-- Data shown follows --

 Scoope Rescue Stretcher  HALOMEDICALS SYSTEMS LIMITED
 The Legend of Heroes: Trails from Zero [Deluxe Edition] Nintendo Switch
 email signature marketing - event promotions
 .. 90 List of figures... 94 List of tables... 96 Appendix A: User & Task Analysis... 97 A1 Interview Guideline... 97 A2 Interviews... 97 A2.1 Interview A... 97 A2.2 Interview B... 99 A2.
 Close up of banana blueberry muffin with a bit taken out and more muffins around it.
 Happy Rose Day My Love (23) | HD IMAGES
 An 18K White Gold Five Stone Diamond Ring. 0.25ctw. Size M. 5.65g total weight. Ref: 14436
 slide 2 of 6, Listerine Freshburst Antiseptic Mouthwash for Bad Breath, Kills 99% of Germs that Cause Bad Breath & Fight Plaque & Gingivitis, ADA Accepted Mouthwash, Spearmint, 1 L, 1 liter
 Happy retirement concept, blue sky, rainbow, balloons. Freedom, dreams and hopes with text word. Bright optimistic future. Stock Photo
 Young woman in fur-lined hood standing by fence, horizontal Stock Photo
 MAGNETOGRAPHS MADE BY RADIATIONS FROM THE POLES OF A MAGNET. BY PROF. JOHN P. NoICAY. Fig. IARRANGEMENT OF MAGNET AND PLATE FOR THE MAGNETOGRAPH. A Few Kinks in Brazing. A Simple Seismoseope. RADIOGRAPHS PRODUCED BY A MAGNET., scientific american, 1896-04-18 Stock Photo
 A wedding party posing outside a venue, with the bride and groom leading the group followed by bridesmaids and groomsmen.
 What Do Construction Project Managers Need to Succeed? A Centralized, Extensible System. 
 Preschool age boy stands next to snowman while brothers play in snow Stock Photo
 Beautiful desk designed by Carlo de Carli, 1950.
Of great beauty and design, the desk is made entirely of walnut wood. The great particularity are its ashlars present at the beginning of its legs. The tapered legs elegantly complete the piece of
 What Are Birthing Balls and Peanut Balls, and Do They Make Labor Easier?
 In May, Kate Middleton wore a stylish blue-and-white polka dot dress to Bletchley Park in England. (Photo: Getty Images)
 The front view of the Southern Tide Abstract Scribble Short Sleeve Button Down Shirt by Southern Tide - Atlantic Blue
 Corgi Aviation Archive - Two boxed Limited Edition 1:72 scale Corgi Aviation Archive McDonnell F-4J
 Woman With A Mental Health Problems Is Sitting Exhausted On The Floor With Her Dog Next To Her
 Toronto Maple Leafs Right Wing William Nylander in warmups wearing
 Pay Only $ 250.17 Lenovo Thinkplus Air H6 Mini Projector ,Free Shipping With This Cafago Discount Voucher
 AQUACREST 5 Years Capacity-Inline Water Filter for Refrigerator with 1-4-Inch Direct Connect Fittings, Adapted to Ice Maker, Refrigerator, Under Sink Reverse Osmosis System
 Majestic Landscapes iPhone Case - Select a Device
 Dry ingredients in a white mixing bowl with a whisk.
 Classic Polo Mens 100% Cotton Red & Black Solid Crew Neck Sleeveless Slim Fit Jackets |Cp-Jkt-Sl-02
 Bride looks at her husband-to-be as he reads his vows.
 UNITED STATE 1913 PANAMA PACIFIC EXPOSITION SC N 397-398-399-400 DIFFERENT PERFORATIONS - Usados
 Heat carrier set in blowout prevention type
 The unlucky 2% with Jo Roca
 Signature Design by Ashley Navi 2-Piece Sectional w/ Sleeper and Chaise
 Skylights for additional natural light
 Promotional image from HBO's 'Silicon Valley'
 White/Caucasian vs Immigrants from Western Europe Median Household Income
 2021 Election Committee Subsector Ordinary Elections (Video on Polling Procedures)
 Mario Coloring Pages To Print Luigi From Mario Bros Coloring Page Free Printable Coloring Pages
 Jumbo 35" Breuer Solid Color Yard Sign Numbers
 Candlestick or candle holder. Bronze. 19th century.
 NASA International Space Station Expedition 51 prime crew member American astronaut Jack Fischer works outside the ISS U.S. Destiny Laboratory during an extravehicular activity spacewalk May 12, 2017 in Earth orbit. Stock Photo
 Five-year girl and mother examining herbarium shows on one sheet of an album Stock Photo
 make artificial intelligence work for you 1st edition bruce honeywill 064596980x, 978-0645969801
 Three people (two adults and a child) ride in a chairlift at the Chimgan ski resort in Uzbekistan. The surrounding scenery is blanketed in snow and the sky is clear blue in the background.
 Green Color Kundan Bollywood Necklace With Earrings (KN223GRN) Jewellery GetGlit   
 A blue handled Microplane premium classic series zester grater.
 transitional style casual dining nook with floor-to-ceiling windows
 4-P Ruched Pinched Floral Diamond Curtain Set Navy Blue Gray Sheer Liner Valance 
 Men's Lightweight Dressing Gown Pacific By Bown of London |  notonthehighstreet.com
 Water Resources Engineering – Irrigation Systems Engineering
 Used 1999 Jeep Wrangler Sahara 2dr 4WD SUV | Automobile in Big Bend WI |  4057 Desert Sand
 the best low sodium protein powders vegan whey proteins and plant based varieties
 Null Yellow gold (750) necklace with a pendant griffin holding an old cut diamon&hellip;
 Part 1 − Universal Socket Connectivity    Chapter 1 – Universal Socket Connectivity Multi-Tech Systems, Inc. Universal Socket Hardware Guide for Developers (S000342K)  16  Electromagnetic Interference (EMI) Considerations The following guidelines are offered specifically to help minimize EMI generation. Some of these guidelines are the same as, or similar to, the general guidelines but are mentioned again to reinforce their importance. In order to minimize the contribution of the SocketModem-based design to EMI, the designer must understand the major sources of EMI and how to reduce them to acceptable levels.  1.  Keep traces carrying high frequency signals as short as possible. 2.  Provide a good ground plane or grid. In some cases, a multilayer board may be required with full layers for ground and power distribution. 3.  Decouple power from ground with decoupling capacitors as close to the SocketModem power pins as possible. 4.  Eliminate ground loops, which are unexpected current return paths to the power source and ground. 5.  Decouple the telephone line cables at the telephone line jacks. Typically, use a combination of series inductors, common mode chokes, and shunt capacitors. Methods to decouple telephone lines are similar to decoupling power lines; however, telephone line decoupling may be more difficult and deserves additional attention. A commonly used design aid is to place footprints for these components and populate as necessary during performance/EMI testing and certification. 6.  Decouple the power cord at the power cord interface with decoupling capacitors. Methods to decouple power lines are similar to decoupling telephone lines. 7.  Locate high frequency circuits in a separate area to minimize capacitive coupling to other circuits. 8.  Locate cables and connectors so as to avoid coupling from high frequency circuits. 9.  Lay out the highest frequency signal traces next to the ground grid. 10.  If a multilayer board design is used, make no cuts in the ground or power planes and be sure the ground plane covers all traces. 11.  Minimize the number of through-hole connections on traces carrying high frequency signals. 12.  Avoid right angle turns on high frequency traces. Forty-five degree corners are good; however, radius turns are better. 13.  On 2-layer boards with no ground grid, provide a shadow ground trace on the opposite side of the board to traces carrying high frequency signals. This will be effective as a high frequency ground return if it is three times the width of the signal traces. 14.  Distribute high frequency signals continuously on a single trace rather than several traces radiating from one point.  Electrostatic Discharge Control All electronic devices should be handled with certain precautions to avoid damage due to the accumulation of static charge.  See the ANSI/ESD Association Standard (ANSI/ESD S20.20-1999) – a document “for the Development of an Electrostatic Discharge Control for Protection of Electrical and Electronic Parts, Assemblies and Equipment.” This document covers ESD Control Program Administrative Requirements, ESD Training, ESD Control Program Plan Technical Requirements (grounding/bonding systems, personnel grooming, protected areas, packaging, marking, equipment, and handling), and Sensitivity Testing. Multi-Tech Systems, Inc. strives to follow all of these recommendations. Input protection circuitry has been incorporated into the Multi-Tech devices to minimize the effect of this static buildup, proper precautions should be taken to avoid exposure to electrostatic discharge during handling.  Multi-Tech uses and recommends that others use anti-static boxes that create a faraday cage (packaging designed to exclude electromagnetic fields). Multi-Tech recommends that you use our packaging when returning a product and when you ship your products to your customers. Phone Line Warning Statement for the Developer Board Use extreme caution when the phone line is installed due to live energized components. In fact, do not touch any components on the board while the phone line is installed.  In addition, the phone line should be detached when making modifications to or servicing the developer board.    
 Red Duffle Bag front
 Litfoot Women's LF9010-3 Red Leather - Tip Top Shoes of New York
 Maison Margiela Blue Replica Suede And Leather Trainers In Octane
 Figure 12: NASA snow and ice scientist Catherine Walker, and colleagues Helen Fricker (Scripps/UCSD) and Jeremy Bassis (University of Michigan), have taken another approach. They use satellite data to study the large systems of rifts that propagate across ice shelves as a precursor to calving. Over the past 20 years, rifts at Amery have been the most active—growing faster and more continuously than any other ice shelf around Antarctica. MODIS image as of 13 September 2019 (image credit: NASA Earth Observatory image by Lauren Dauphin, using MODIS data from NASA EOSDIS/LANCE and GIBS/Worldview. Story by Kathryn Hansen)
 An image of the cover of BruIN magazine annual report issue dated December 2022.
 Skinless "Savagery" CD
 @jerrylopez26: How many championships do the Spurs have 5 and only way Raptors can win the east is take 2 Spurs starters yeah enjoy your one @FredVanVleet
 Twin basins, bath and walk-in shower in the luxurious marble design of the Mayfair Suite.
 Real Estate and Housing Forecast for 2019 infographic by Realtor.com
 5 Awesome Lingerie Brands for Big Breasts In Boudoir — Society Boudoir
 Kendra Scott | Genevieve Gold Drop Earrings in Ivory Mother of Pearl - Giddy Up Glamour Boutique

-- Data shown concluded --

> [What you should do]: Here the job is to set down exactly the lines of the material above that fall between the one with "Men's Lightweight Dressing" and the one with "Used 1999 Jeep", inclusive, and nothing beyond them.

> [Output of the task]:
 Men's Lightweight Dressing Gown Pacific By Bown of London |  notonthehighstreet.com
 Water Resources Engineering – Irrigation Systems Engineering
 Used 1999 Jeep Wrangler Sahara 2dr 4WD SUV | Automobile in Big Bend WI |  4057 Desert Sand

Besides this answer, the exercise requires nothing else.